Registered Member #30
Joined: Fri Feb 03 2006, 10:52AM
Location: Glasgow, Scotland
Posts: 6706
Proud Mary, I recently found this book in archive.org with some interesting articles on X-ray diffraction methods. Interestingly, you don't need a pure crystal, it can work with lots of little crystals, a powder, etc.
Registered Member #543
Joined: Tue Feb 20 2007, 04:26PM
Location: UK
Posts: 4992
Steve McConner wrote ...
Proud Mary, I recently found this book in archive.org with some interesting articles on X-ray diffraction methods. Interestingly, you don't need a pure crystal, it can work with lots of little crystals, a powder, etc.
"Chou-fleur" indeed. :D
That's very kind and thoughtful of you, Steve, but I have that title already - and you are right - it does indeed contain details of experiments, discoveries, and equipment much more accessible and repeatable by the enthusiast than the cryptic, jargonised scribblings in the peer-reviewed literature of today..
I suppose that much of the experimental equipment of that era was designed by one or two people, while the shop-bought X-ray spectrometer of today would involve a team of specialists, each of whom would deal with just one part of the project, so no one has to be at once a nuclear physicist, mathematician, electronics engineer, radiolological safety officer, software writer, machine tool operator, and trade union shop steward all rolled into one.
Registered Member #1938
Joined: Sun Jan 25 2009, 12:44PM
Location: Romania
Posts: 701
Proud Mary wrote ...
I will be starting another thread on making ionisation chambers after Christmas. My idea is to describe in detail the construction of a good quality but inexpensive and easily built chamber which will have repeatable performance, so long as the design is copied accurately. The experimeter will know that if there is a given voltage across the tube, and so many μA are flowing, then the dose rate is so many Gy/hr.
That would be inspiring. I'm curious to see what solution will you find for the high-ohmic resistor required to turn the few uA (or perhaps pA) into a few volts to amplify that further. Reading online I've seen a solution using a neon lamp, carefully painted (not to touch the terminals) or covered in some black plastic, but that didn't work for me.

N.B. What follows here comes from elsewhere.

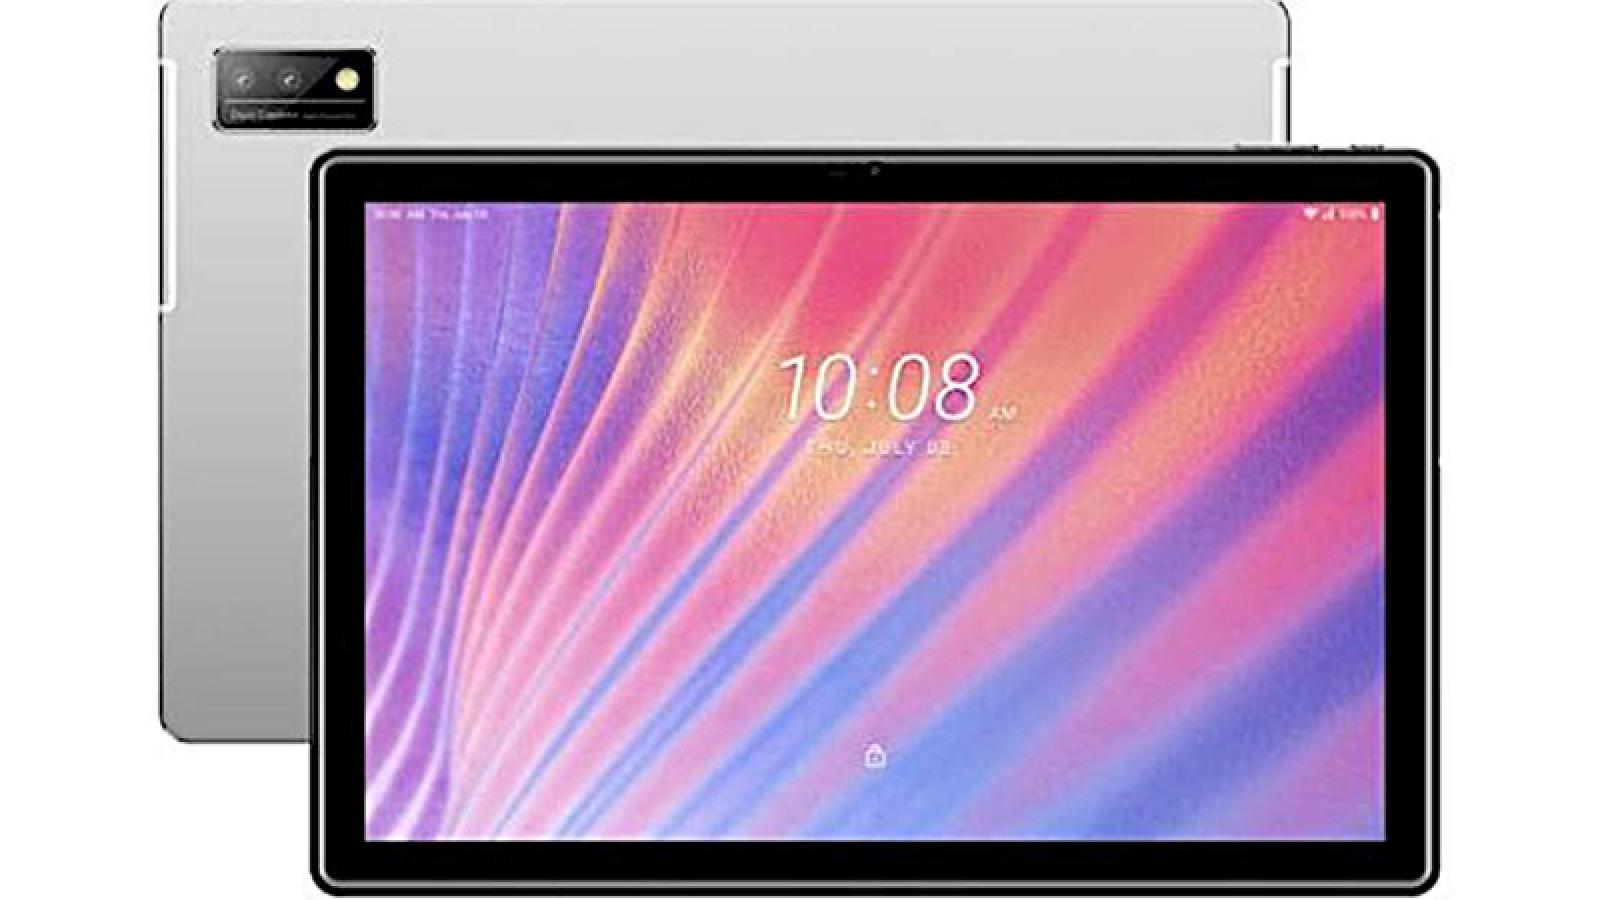 HTC chuẩn bị ra mắt máy tính bảng Android giá rẻ

So if possible a DIY solution to replace this expensive component would be interesting.
Registered Member #543
Joined: Tue Feb 20 2007, 04:26PM
Location: UK
Posts: 4992
radhoo wrote ...
Proud Mary wrote ...
I will be starting another thread on making ionisation chambers after Christmas. My idea is to describe in detail the construction of a good quality but inexpensive and easily built chamber which will have repeatable performance, so long as the design is copied accurately. The experimeter will know that if there is a given voltage across the tube, and so many μA are flowing, then the dose rate is so many Gy/hr.
That would be inspiring. I'm curious to see what solution will you find for the high-ohmic resistor required to turn the few uA (or perhaps pA) into a few volts to amplify that further. Reading online I've seen a solution using a neon lamp, carefully painted (not to touch the terminals) or covered in some black plastic, but that didn't work for me. So if possible a DIY solution to replace this expensive component would be interesting.
BR, R.
You can buy 10G resistors for £1.30 (6.66 RON) and 50G resistors for £1.22 (6.25 RON) from Farnell, here:
But in fact no such very high value is needed in my design, which is for measuring X-rays in Gy/hr - not tiny background dose rates for which ionisation chambers are unsuitable for serious measurement.